* **WHAT TO PRODUCE**:
Restate each line of the listing exactly, without carrying over any pictures.

* **SOURCE DATA**:
---

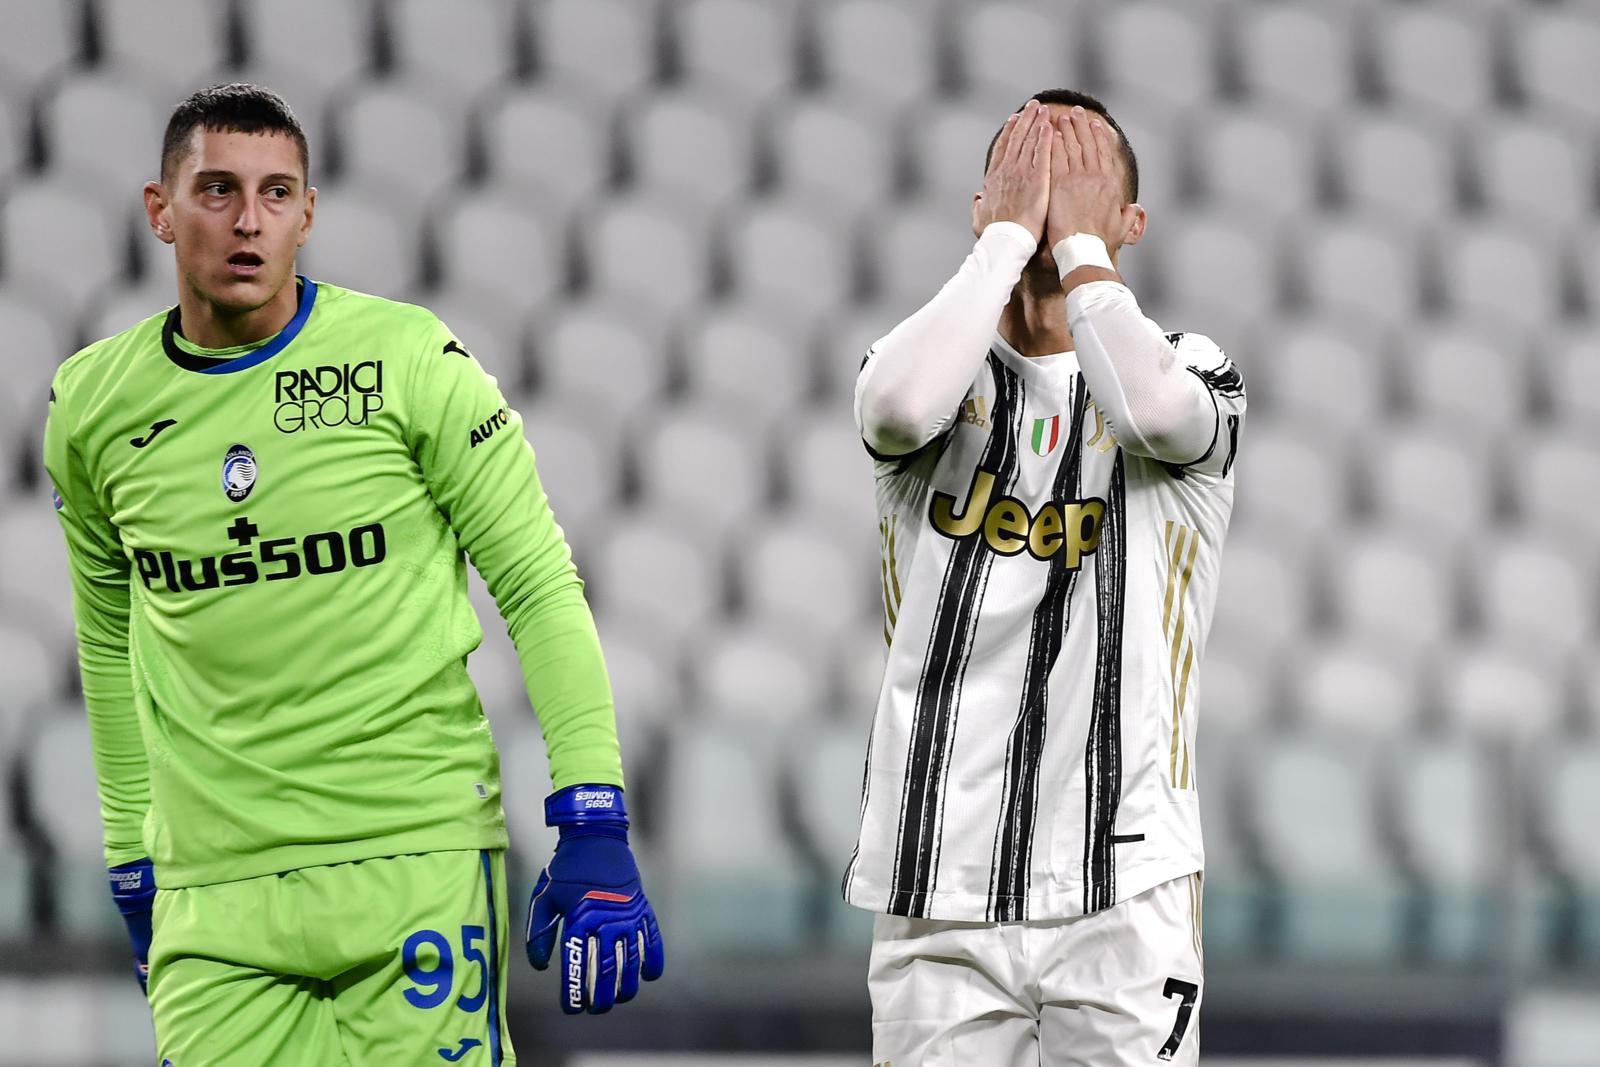 Juve-Atalanta 1-1, che spettacolo: Gollini super su Ronaldo, gol di Chiesa e Freuler
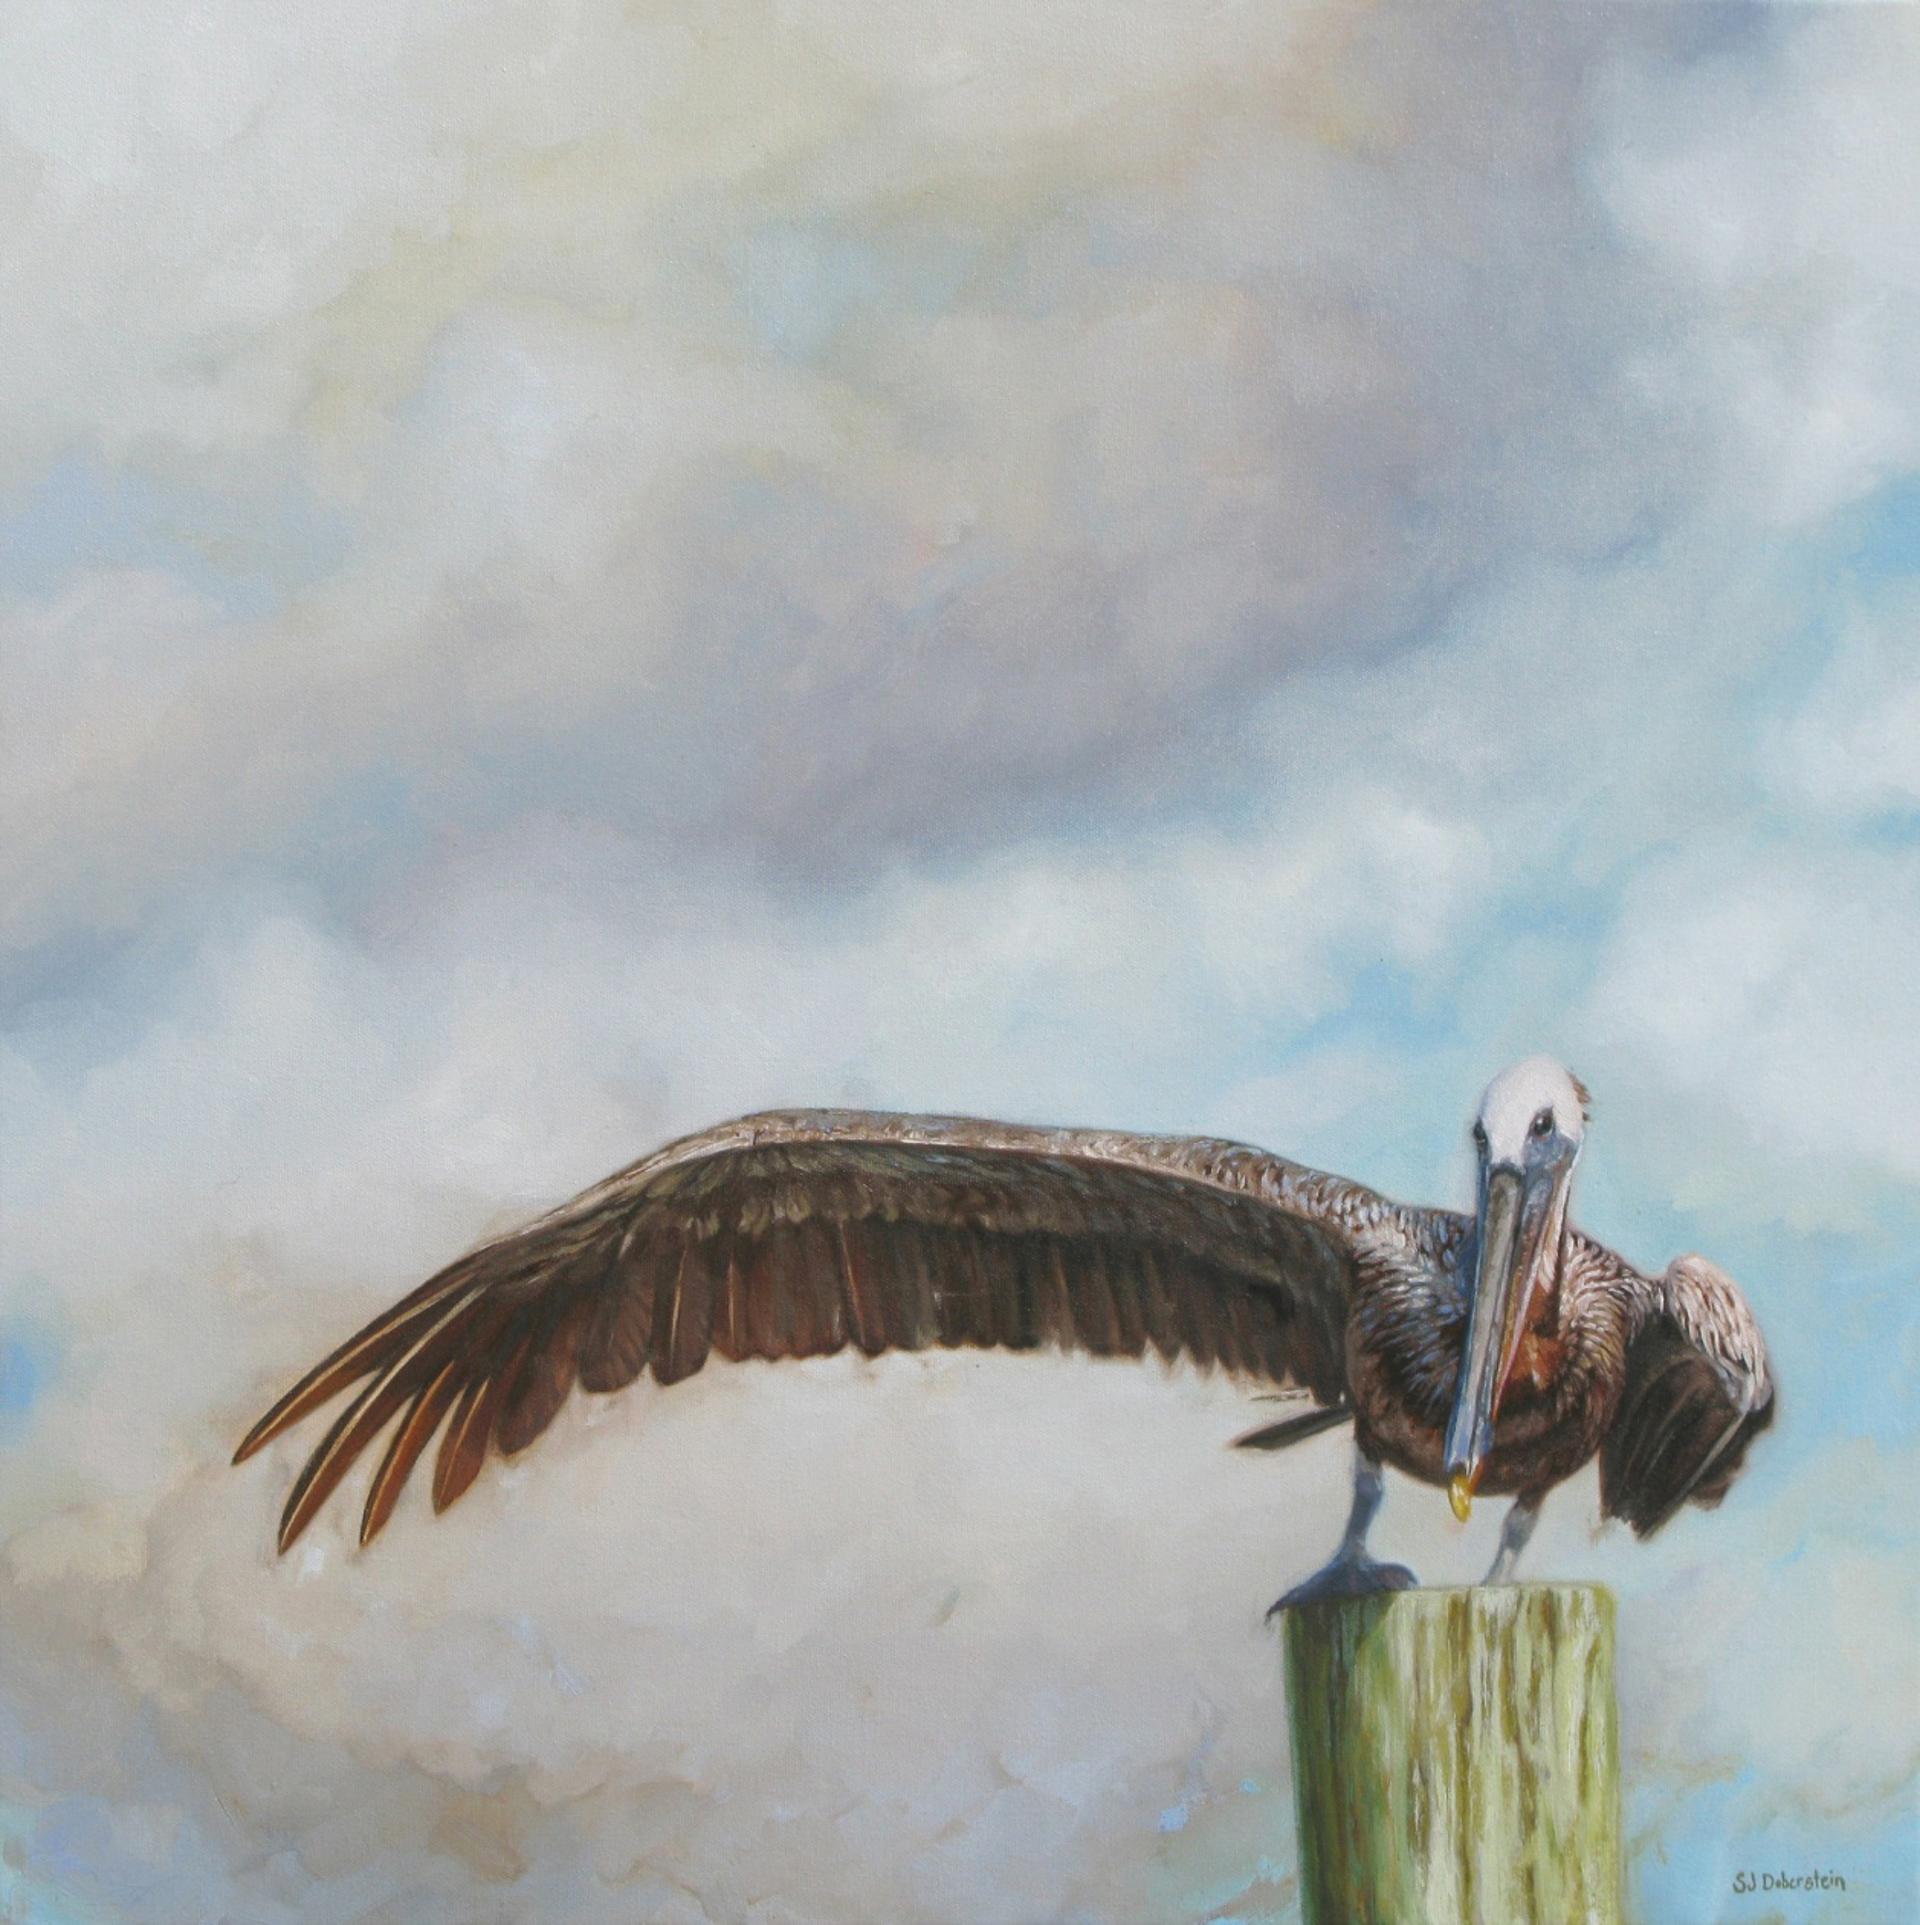 Wingin' It by Sara Jane Doberstein
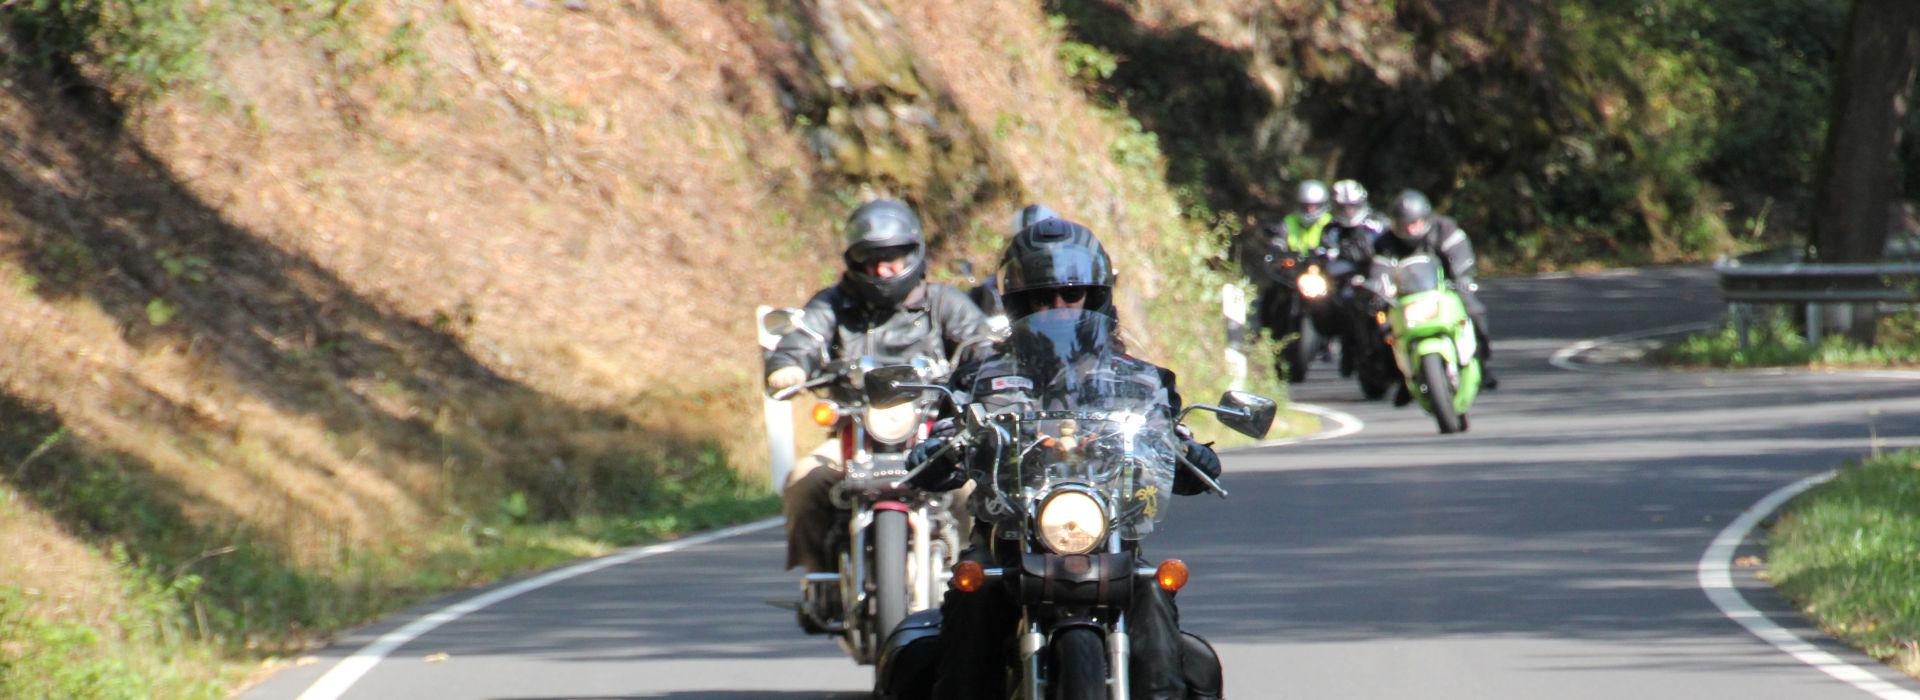 Motorrijbewijspoint Vaassen spoed motorrijbewijs

---

* **RESULT**:
 Juve-Atalanta 1-1, che spettacolo: Gollini super su Ronaldo, gol di Chiesa e Freuler
 Wingin' It by Sara Jane Doberstein
 Motorrijbewijspoint Vaassen spoed motorrijbewijs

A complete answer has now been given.